We asked Jim his thoughts on innovations in the online banking world. Here is what he had to say:
How has the increased use of the Internet transformed the way banks market to them?
The online channel (including email) provides a very low cost way to get marketing messages in front of the your online banking customers who are frequent website users. So online messaging is one of the first things banks look at today before adding more expensive print and offline media to the mix. And the ability to get your advertising in front of consumers as they are doing a rate/product search on a search engine has changed the dynamics of prospecting for new accounts. So the marketing mix has definitely changed and will increasingly be weighted to online tactics, although none of the old techniques are in danger of disappearing, except perhaps telemarketing.

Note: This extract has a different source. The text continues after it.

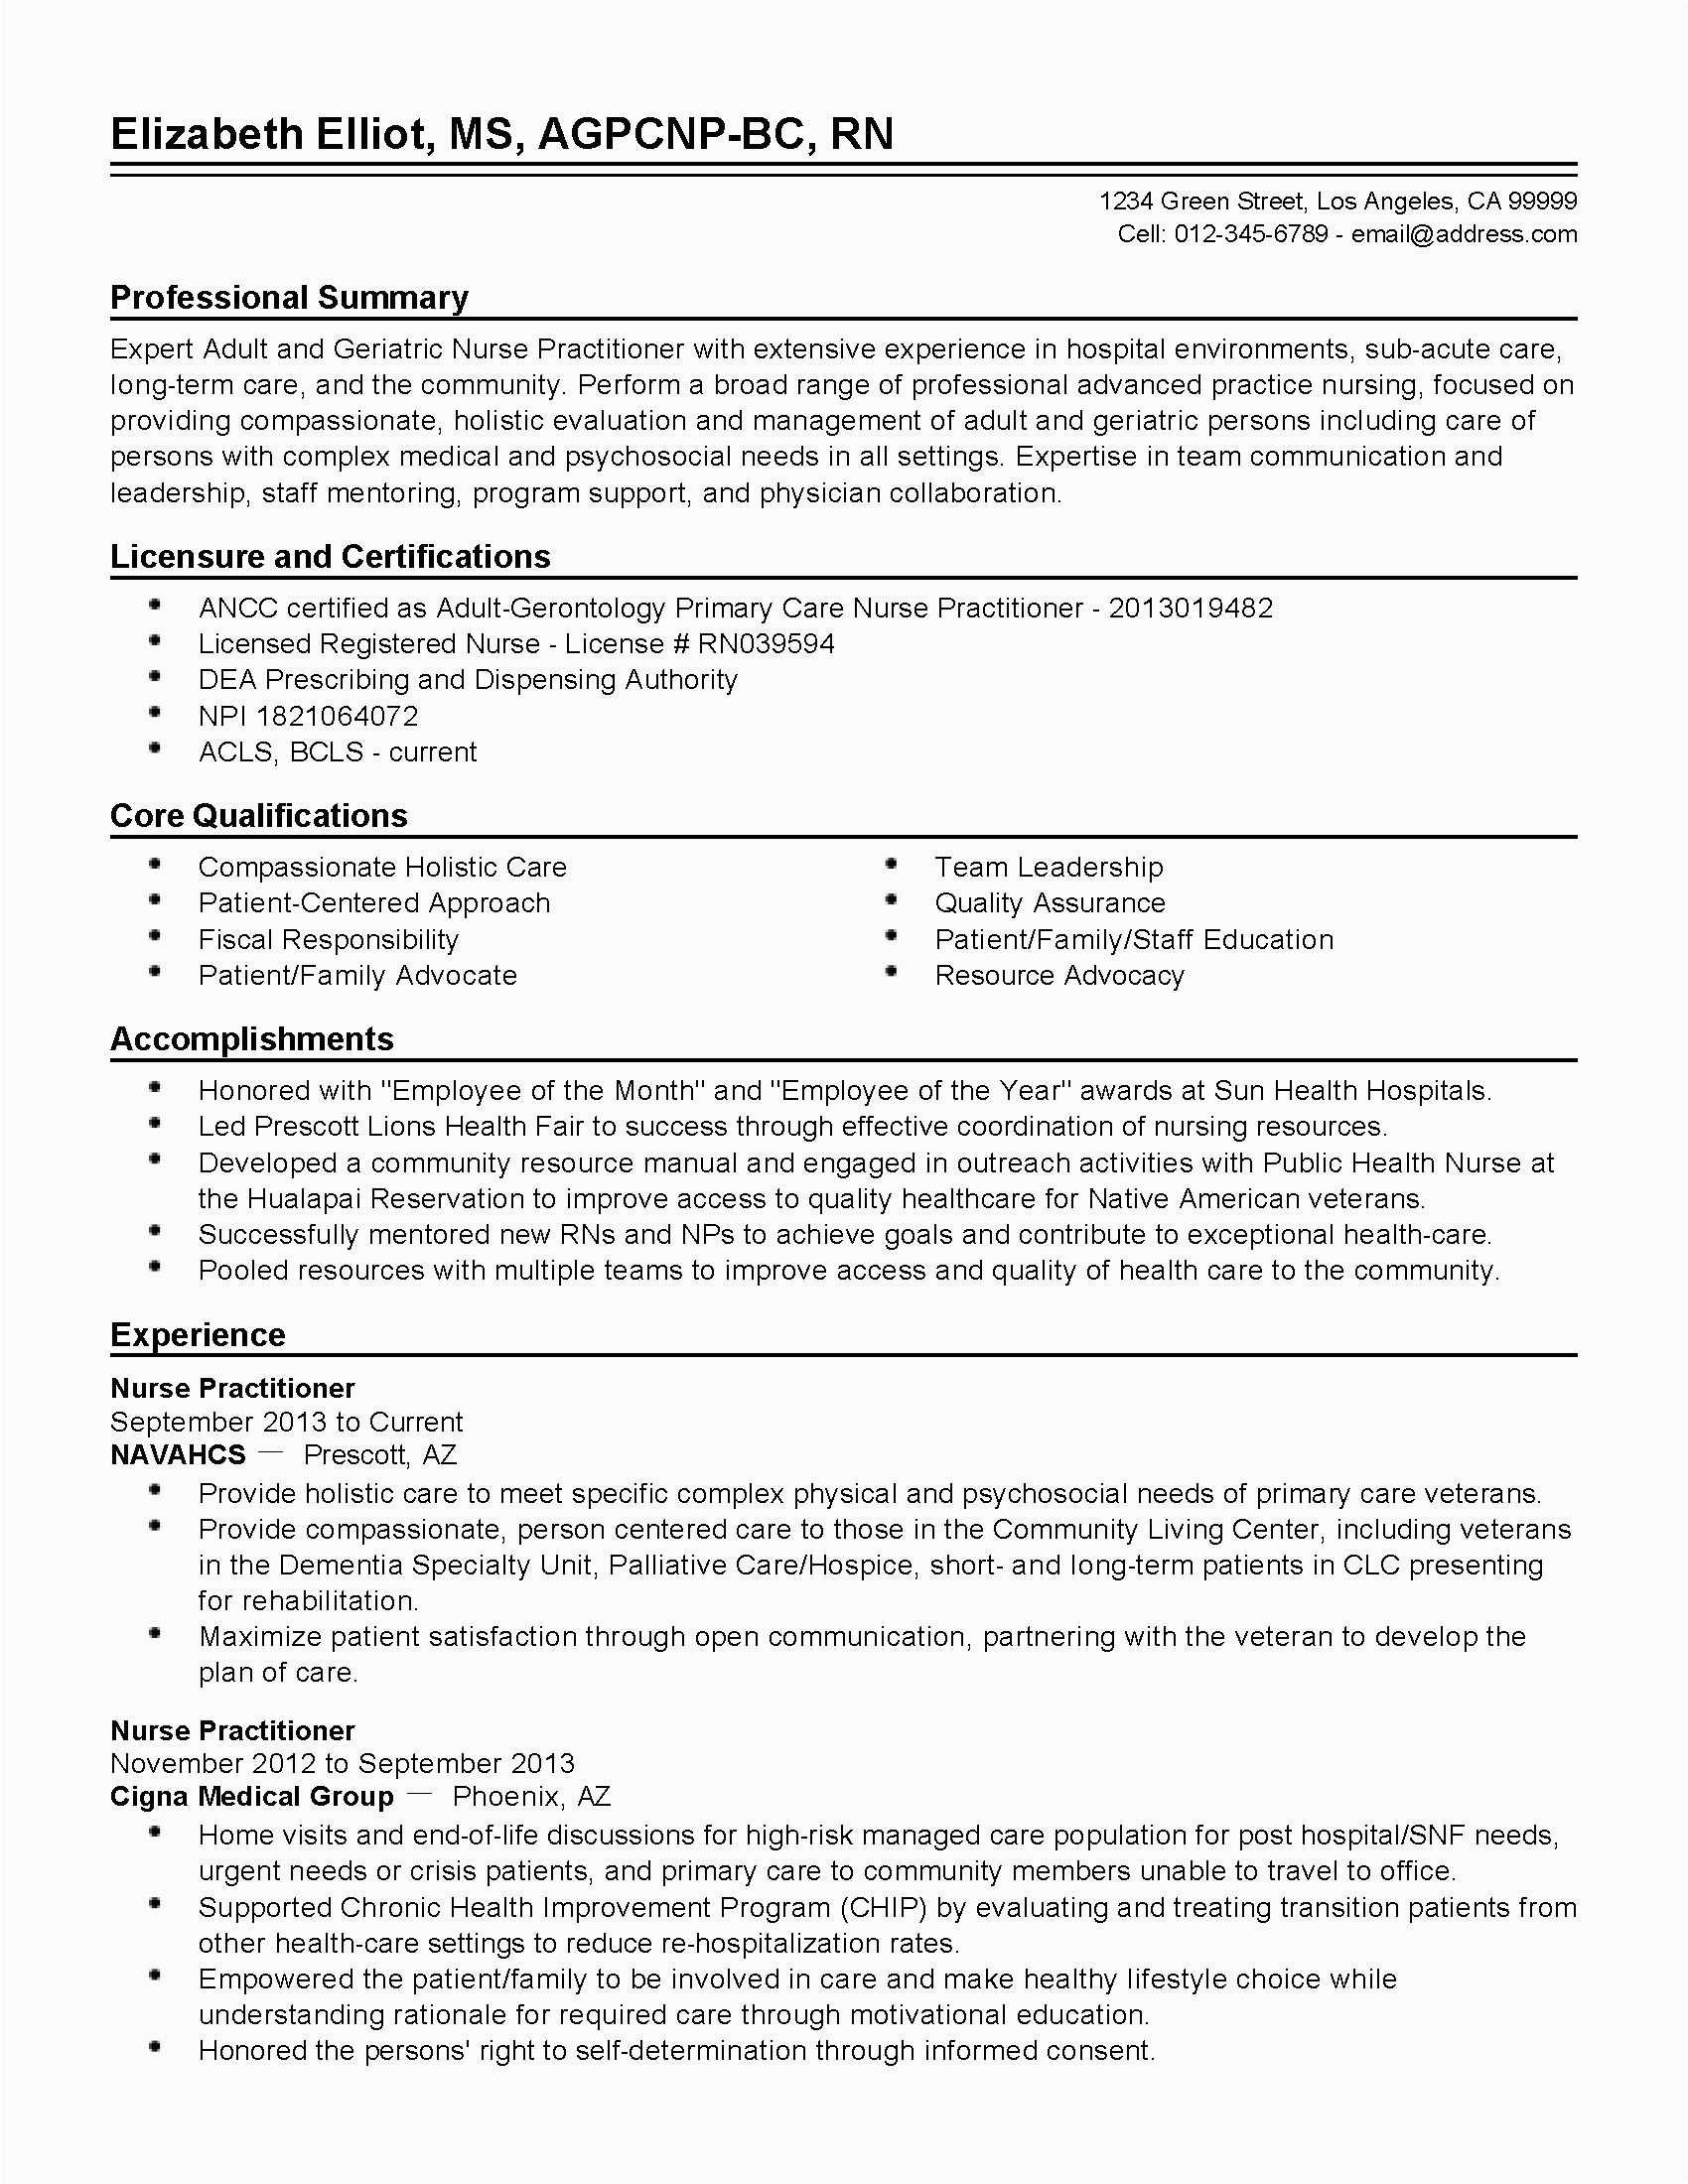 Sample Resume for A Graduate Nurse Nurse Practitioner Resume New Graduate

What is the most over-hyped new technology or strategy (in terms of bringing real value) out there today?
Historically, the most over-hyped technology/strategy by far is mobile services. It’s finally just beginning to catch on (in the U.S.), 10 years after it was first hyped. I don’t think there’s anything that is being seriously over-hyped today. Most of the new things we are looking at have real promise because of the size and sophistication of today’s users. A few things won’t live up to their press releases, but that’s always expected.
Are the market conditions (e.g. credit markets and interest rates) increasing or decreasing the importance of the online channel? In what way?

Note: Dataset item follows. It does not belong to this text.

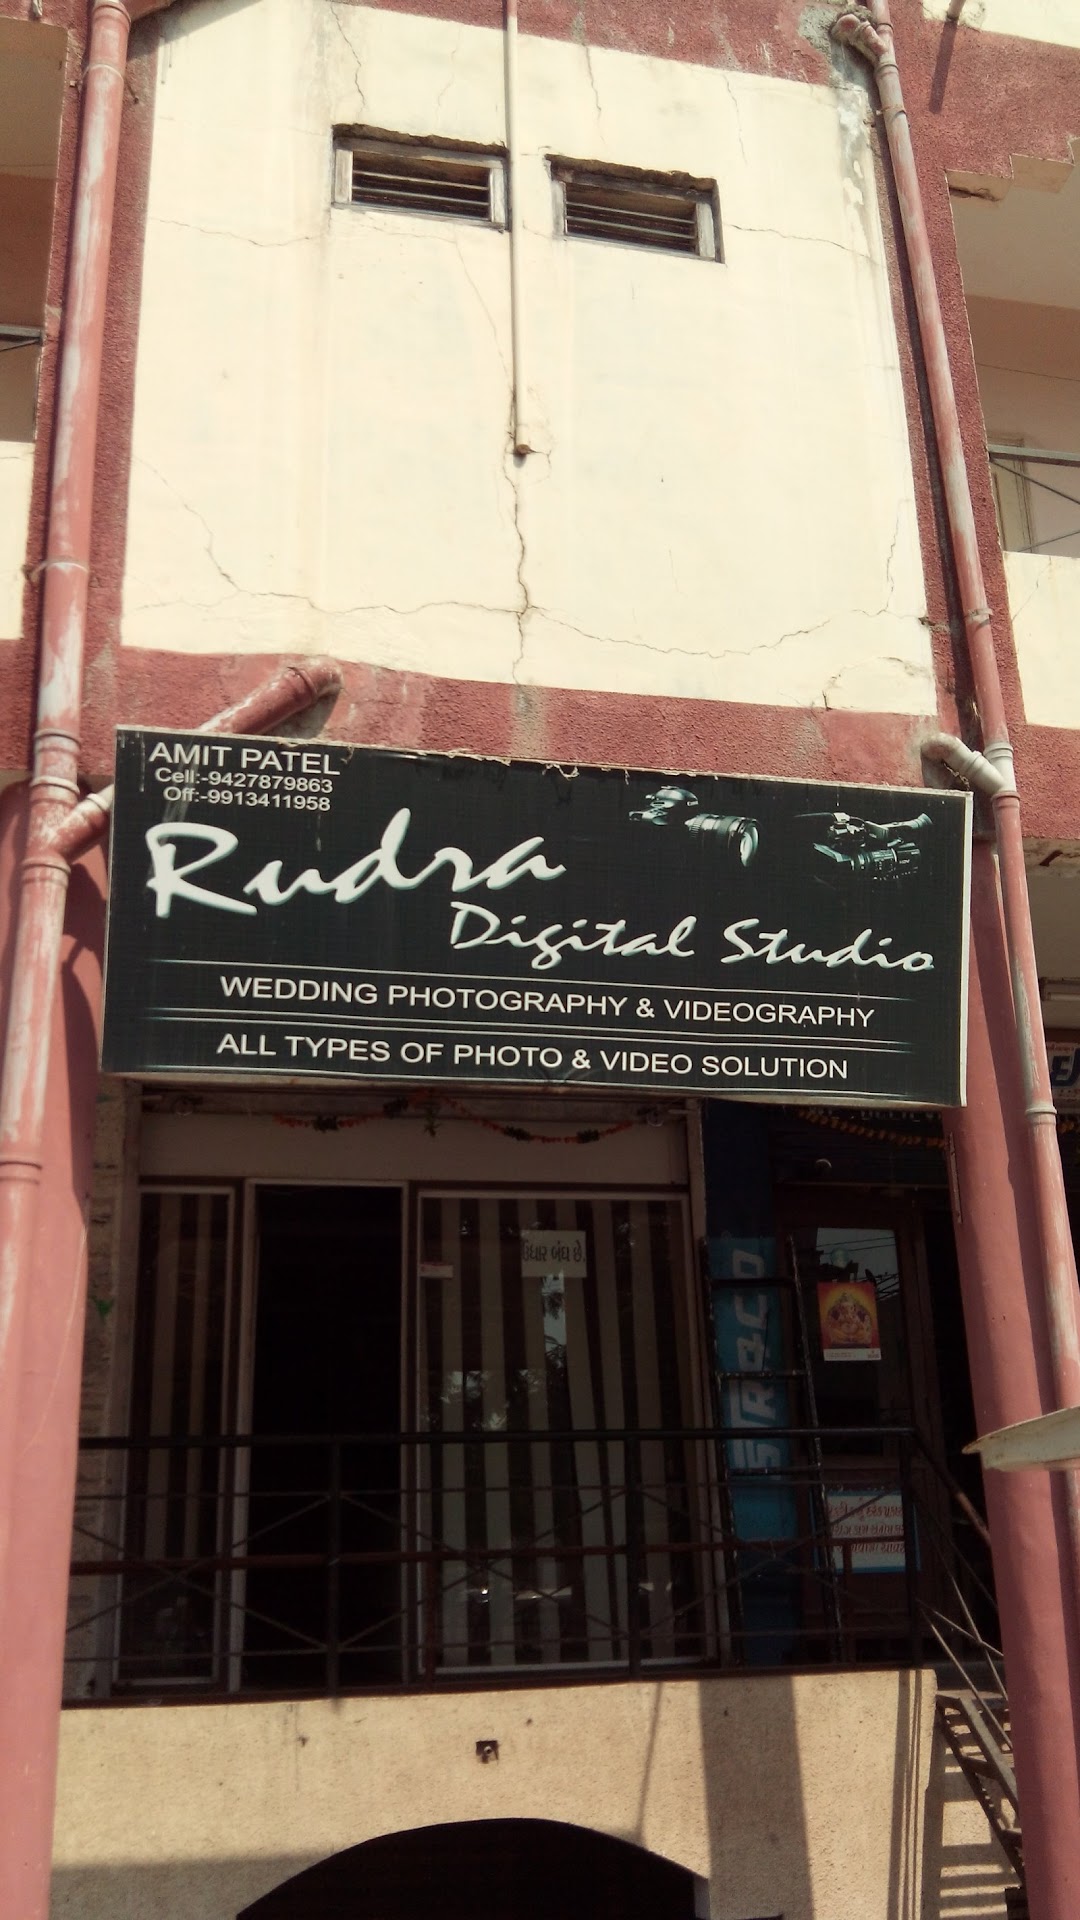 Rudra Digital Studio

For mainstream online banking, the market conditions aren’t that relevant. No matter what Wall Street is doing you still have to watch your balance and pay your bills. It’s a bit harder for the online savings specialists to poach customers when they can only offer rates 1-2% higher instead of 3-4%. However, the genie is out of the bottle in that market and consumers will continue to seek higher rates online, they’ve learned.
One niche market benefiting from tighter credit is the loan exchanges: both the new person-to-person lenders such as Prosper and Lending Club and other types such as LendingTree and Virgin Money. We know of at least a half-dozen more that are on the drawing board and could come to market in the next year or two. The personal finance press loves these sites and you can expect plenty of coverage this year and next.
How will the consumer experience change on bank websites over the next year?
It may not be next year, but going forward online banking will require less time and energy on the part of the end-user. Instead of logging in three times per week to see what transactions have cleared, consumers will receive periodic notices on their mobile phone, Facebook account, or regular email address. This is not a new development, but the mobile phone as a receiving device for banking info will accelerate the trend towards the use of alerts to stay informed rather than logging in.
What new product offerings do you see banks rolling out to consumers?
Although not so much a new product, really just an evolution of customer communications, will be mobile alerts that are increasingly two-way (you can reply back to move money or pay a bill). In terms of web-based delivery, we’ll see more banks do what Wells Fargo has done with its MySpendingReport, that is provide simple tools for users to track and view their spending. I also think we’ll see more banks and credit unions put in more social-media inspired services such as user forums, blogs, and Facebook widgets/apps.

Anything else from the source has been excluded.